A list of some of the top newcomers (and one familiar returnee) to look out for this season:
RASMUS DAHLIN, Buffalo Sabres defenseman
He’s a smooth-skating, heads-up play-making Swedish-born blue-liner, who has shown a fearless ability of jumping into the rush. Dahlin will require time to adapt to the smaller NHL ice surface and has shown signs of being a little too cavalier with the puck in committing turnovers. He is improving as a defender, and expected to quarterback the top power-play unit. The Sabres intend to allow Dahlin to learn from his mistakes in giving him plenty of playing time this year.
ELIAS PETTERSSON, Vancouver Canucks center
With Vancouver’s 2018 first-round draft pick defenseman Quinn Hughes committed to playing this season at Michigan, there’s plenty of buzz over Pettersson, the No. 5 overall pick in 2017. He’s coming off a season in which he helped Vaxjo win the Swedish Elite League championship and earned regular-season and playoff MVP honors.
Ryan Donato, Boston Bruins forward
After spending three seasons playing at Harvard for his father, former NHL player Ted Donato, the 22-year-old got a head start on his NHL career by scoring five goals and nine points in 12 games for the Bruins last season.
Warren Foegele, Carolina Hurricanes left wing
Though the jury remains out as to whether Svechnikov will spend the entire season in Carolina, the Hurricanes are high on Foegele, their 2014 third-round pick.
”He’s what we want in a Hurricane,” first-year coach Rod Brind’Amour told The Charlotte Observer this week. Foegele had two goals and an assist in his first two NHL games last season, and also finished second in AHL Charlotte with 28 goals as a rookie.
BRADY TKACHUK, Ottawa Senators forward
Selected with the No. 4 pick in the draft, the son of former NHL star Keith Tkachuk is considered a key building block of a Senators team rebuilding from scratch. At 19, he overcame a slow start in his freshman year at Boston University to score eight goals and 31 points in 40 games. Ottawa’s youth movement also includes Colin White, a 2015 first-round pick, who had two goals and four assists in 21 NHL games last season.

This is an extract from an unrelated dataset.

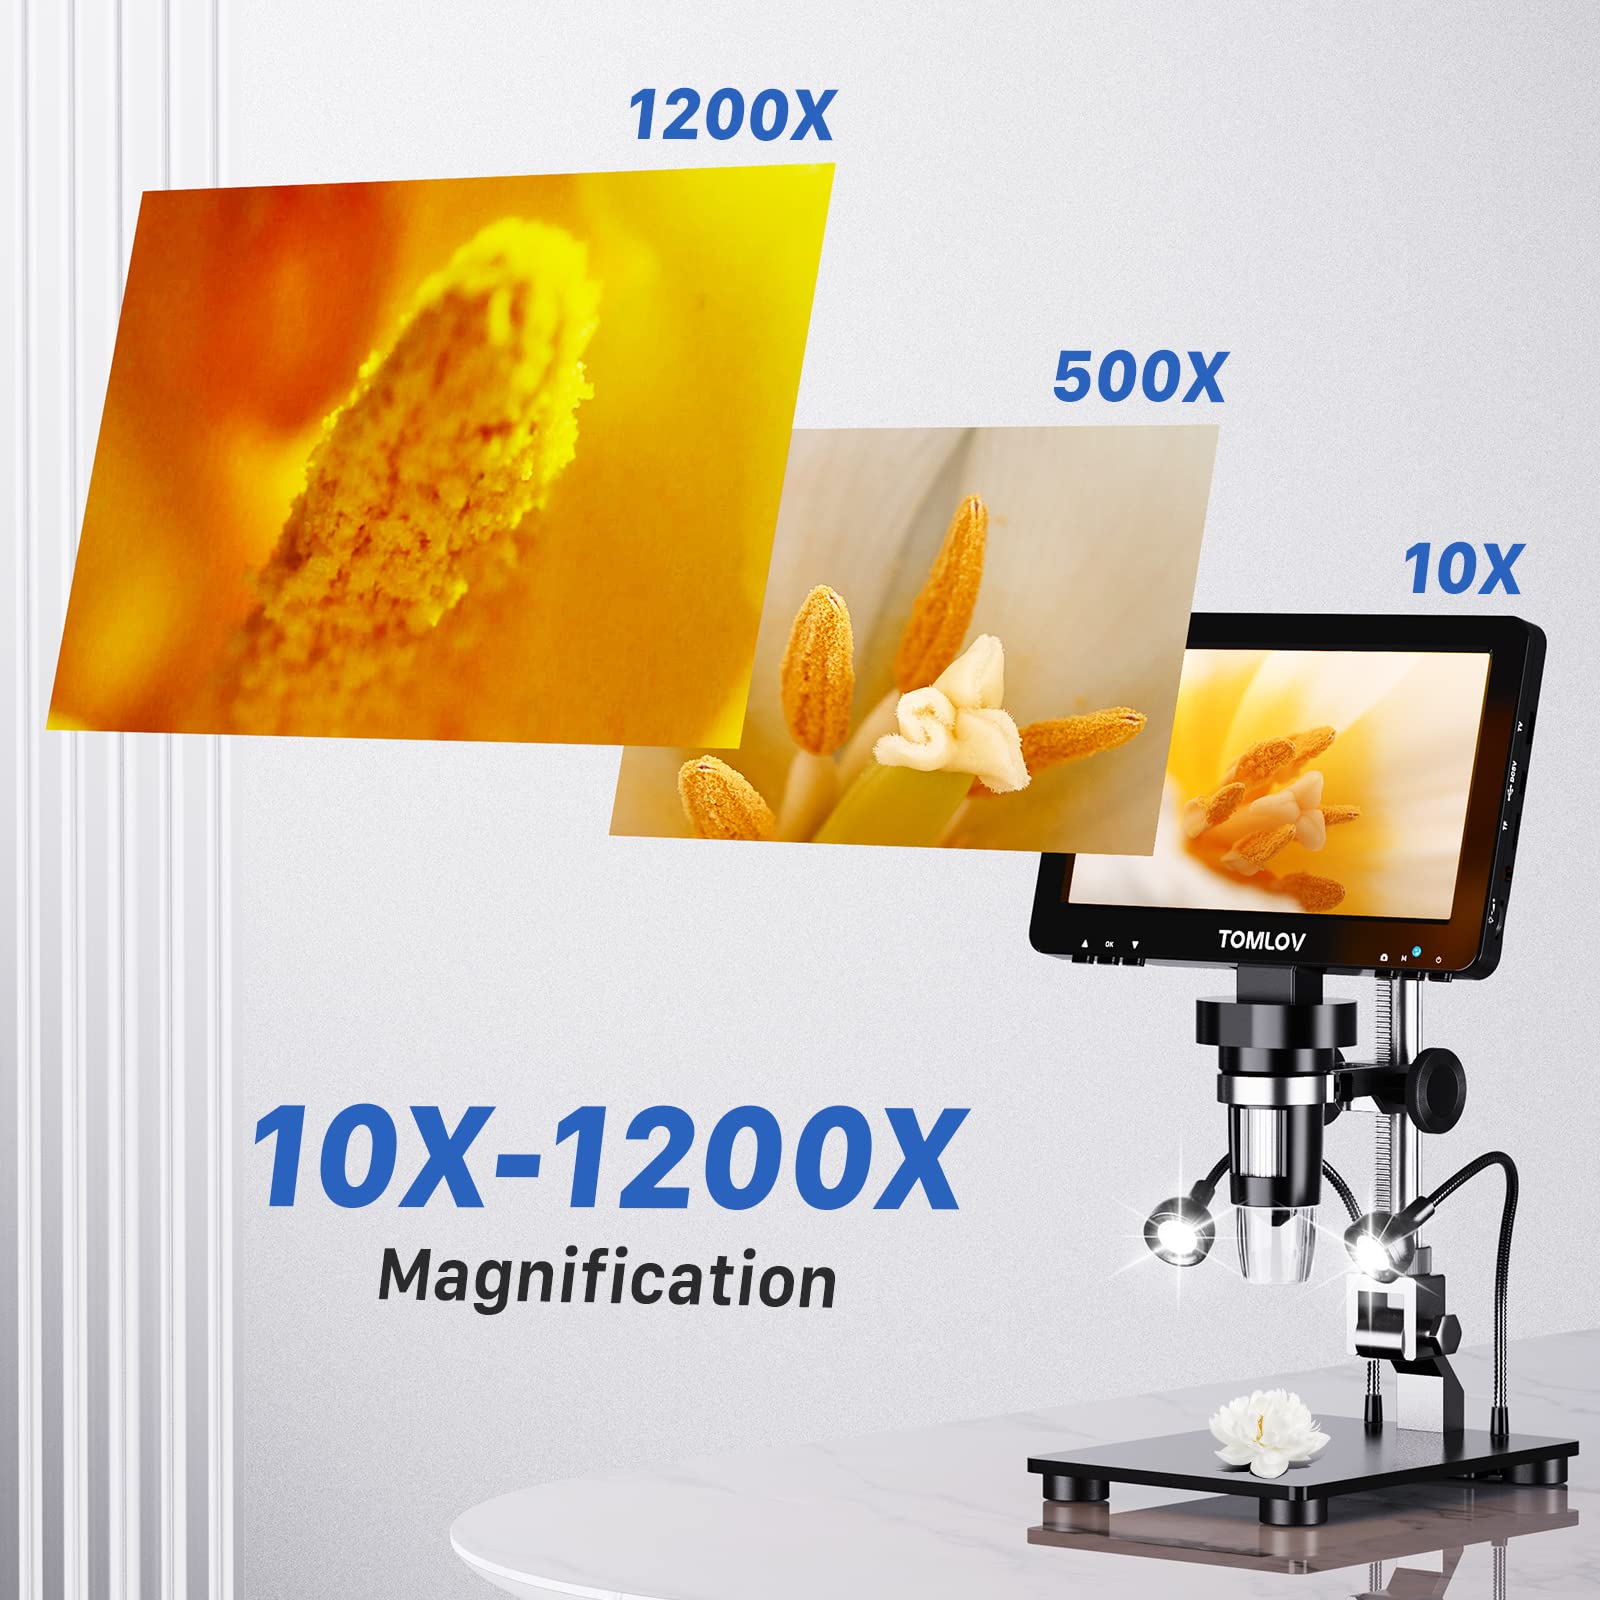 TOMLOV DM9 Pro HDMI Digital Microscope with 7'' IPS Screen
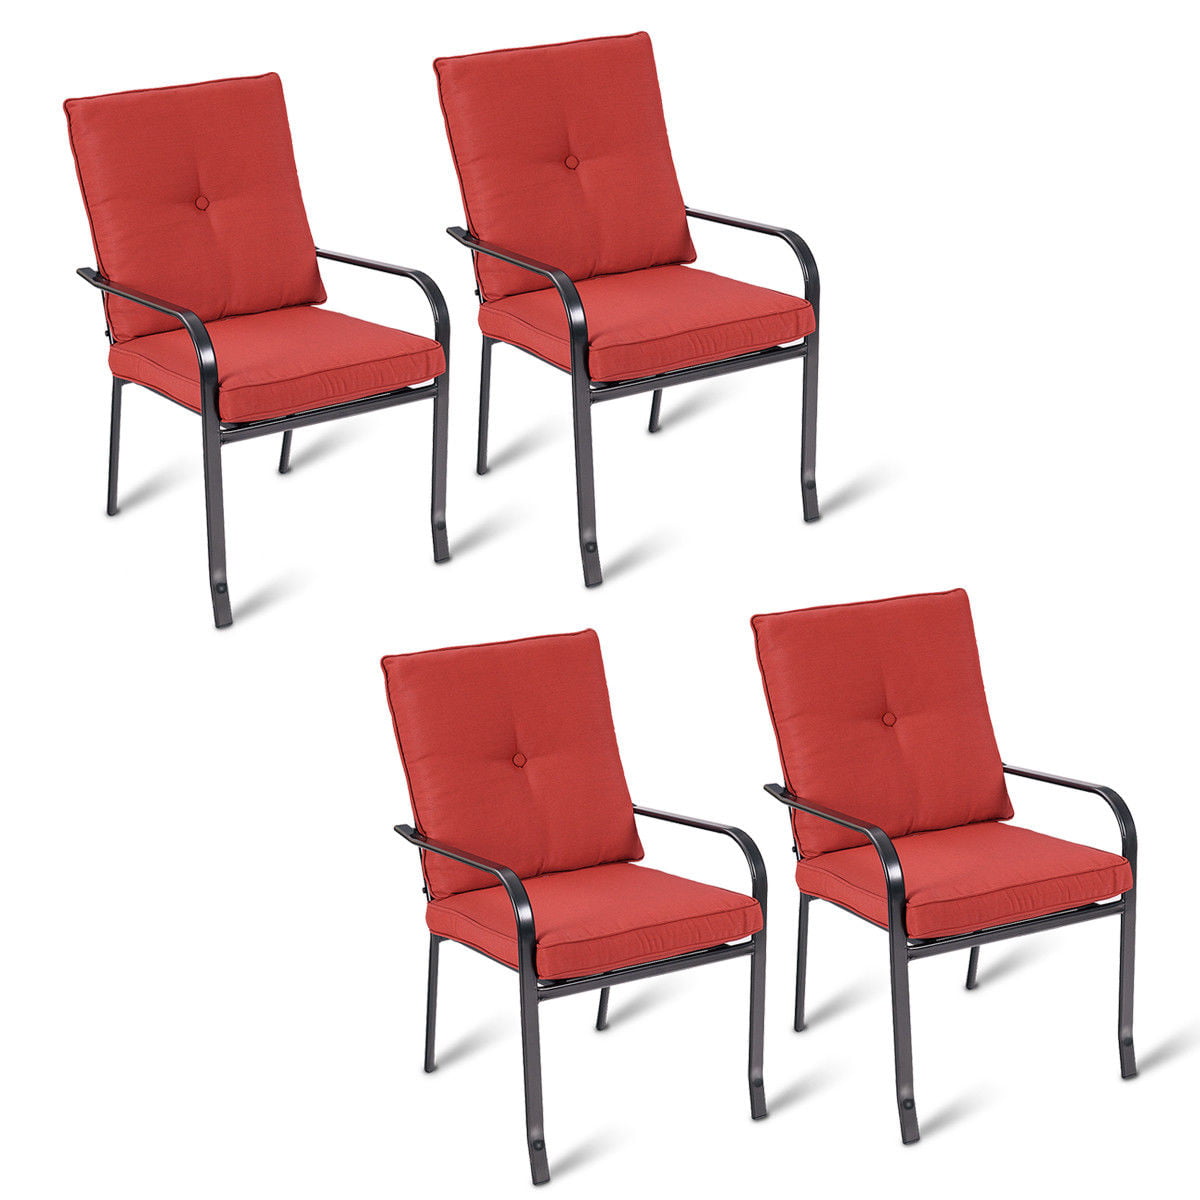 Costway Set of 4 Patio Garden Chairs Steel Frame Outdoor Furniture

Ilya Kovalchuk, Los Angeles Kings left wing
He’s back. After spending the past five seasons playing in the Kontinental Hockey League, the NHL’s 2001 No. 1 draft pick has returned to North America after signing a three-year contract with the Kings. At 35, Kovalchuk showed he’s not lost a step in splitting two Vegas defenseman and scoring his first preseason goal in a 7-2 loss last week. Kovalchuk has 417 goals and 816 points in 816 career games.